** Opening Recorded information block **

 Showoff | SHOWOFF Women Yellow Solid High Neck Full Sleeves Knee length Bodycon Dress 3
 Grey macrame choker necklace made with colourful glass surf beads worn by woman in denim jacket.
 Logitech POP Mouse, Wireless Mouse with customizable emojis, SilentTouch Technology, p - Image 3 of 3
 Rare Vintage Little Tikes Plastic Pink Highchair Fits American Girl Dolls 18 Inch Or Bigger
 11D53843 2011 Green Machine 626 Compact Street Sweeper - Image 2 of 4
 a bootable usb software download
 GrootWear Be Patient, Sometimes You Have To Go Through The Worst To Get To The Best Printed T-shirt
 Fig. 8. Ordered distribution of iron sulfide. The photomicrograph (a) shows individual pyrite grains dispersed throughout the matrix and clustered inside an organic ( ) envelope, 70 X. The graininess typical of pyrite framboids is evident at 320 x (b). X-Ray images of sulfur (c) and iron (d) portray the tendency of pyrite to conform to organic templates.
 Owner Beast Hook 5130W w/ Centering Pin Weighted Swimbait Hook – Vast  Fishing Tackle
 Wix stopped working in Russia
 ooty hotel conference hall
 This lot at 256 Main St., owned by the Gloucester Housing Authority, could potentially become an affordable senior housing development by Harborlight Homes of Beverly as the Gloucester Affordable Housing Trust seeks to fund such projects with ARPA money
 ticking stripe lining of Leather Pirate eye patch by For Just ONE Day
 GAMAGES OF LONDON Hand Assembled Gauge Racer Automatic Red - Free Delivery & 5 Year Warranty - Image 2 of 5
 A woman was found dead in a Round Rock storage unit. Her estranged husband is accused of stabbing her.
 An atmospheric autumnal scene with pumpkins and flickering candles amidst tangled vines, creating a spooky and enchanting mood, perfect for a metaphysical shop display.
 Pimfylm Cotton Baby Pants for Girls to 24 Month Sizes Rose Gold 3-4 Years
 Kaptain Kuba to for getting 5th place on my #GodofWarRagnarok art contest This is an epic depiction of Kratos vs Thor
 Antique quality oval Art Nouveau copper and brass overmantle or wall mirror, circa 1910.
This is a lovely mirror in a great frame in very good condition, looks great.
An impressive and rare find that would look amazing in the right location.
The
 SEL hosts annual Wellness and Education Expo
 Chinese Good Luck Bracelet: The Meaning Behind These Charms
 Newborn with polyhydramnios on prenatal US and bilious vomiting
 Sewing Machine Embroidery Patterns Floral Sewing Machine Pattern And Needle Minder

** Closing Recorded information block **

• What you will do: Every line of the data is to be retyped without alteration.

• Response area:
 Showoff | SHOWOFF Women Yellow Solid High Neck Full Sleeves Knee length Bodycon Dress 3
 Grey macrame choker necklace made with colourful glass surf beads worn by woman in denim jacket.
 Logitech POP Mouse, Wireless Mouse with customizable emojis, SilentTouch Technology, p - Image 3 of 3
 Rare Vintage Little Tikes Plastic Pink Highchair Fits American Girl Dolls 18 Inch Or Bigger
 11D53843 2011 Green Machine 626 Compact Street Sweeper - Image 2 of 4
 a bootable usb software download
 GrootWear Be Patient, Sometimes You Have To Go Through The Worst To Get To The Best Printed T-shirt
 Fig. 8. Ordered distribution of iron sulfide. The photomicrograph (a) shows individual pyrite grains dispersed throughout the matrix and clustered inside an organic ( ) envelope, 70 X. The graininess typical of pyrite framboids is evident at 320 x (b). X-Ray images of sulfur (c) and iron (d) portray the tendency of pyrite to conform to organic templates.
 Owner Beast Hook 5130W w/ Centering Pin Weighted Swimbait Hook – Vast  Fishing Tackle
 Wix stopped working in Russia
 ooty hotel conference hall
 This lot at 256 Main St., owned by the Gloucester Housing Authority, could potentially become an affordable senior housing development by Harborlight Homes of Beverly as the Gloucester Affordable Housing Trust seeks to fund such projects with ARPA money
 ticking stripe lining of Leather Pirate eye patch by For Just ONE Day
 GAMAGES OF LONDON Hand Assembled Gauge Racer Automatic Red - Free Delivery & 5 Year Warranty - Image 2 of 5
 A woman was found dead in a Round Rock storage unit. Her estranged husband is accused of stabbing her.
 An atmospheric autumnal scene with pumpkins and flickering candles amidst tangled vines, creating a spooky and enchanting mood, perfect for a metaphysical shop display.
 Pimfylm Cotton Baby Pants for Girls to 24 Month Sizes Rose Gold 3-4 Years
 Kaptain Kuba to for getting 5th place on my #GodofWarRagnarok art contest This is an epic depiction of Kratos vs Thor
 Antique quality oval Art Nouveau copper and brass overmantle or wall mirror, circa 1910.
This is a lovely mirror in a great frame in very good condition, looks great.
An impressive and rare find that would look amazing in the right location.
The
 SEL hosts annual Wellness and Education Expo
 Chinese Good Luck Bracelet: The Meaning Behind These Charms
 Newborn with polyhydramnios on prenatal US and bilious vomiting
 Sewing Machine Embroidery Patterns Floral Sewing Machine Pattern And Needle Minder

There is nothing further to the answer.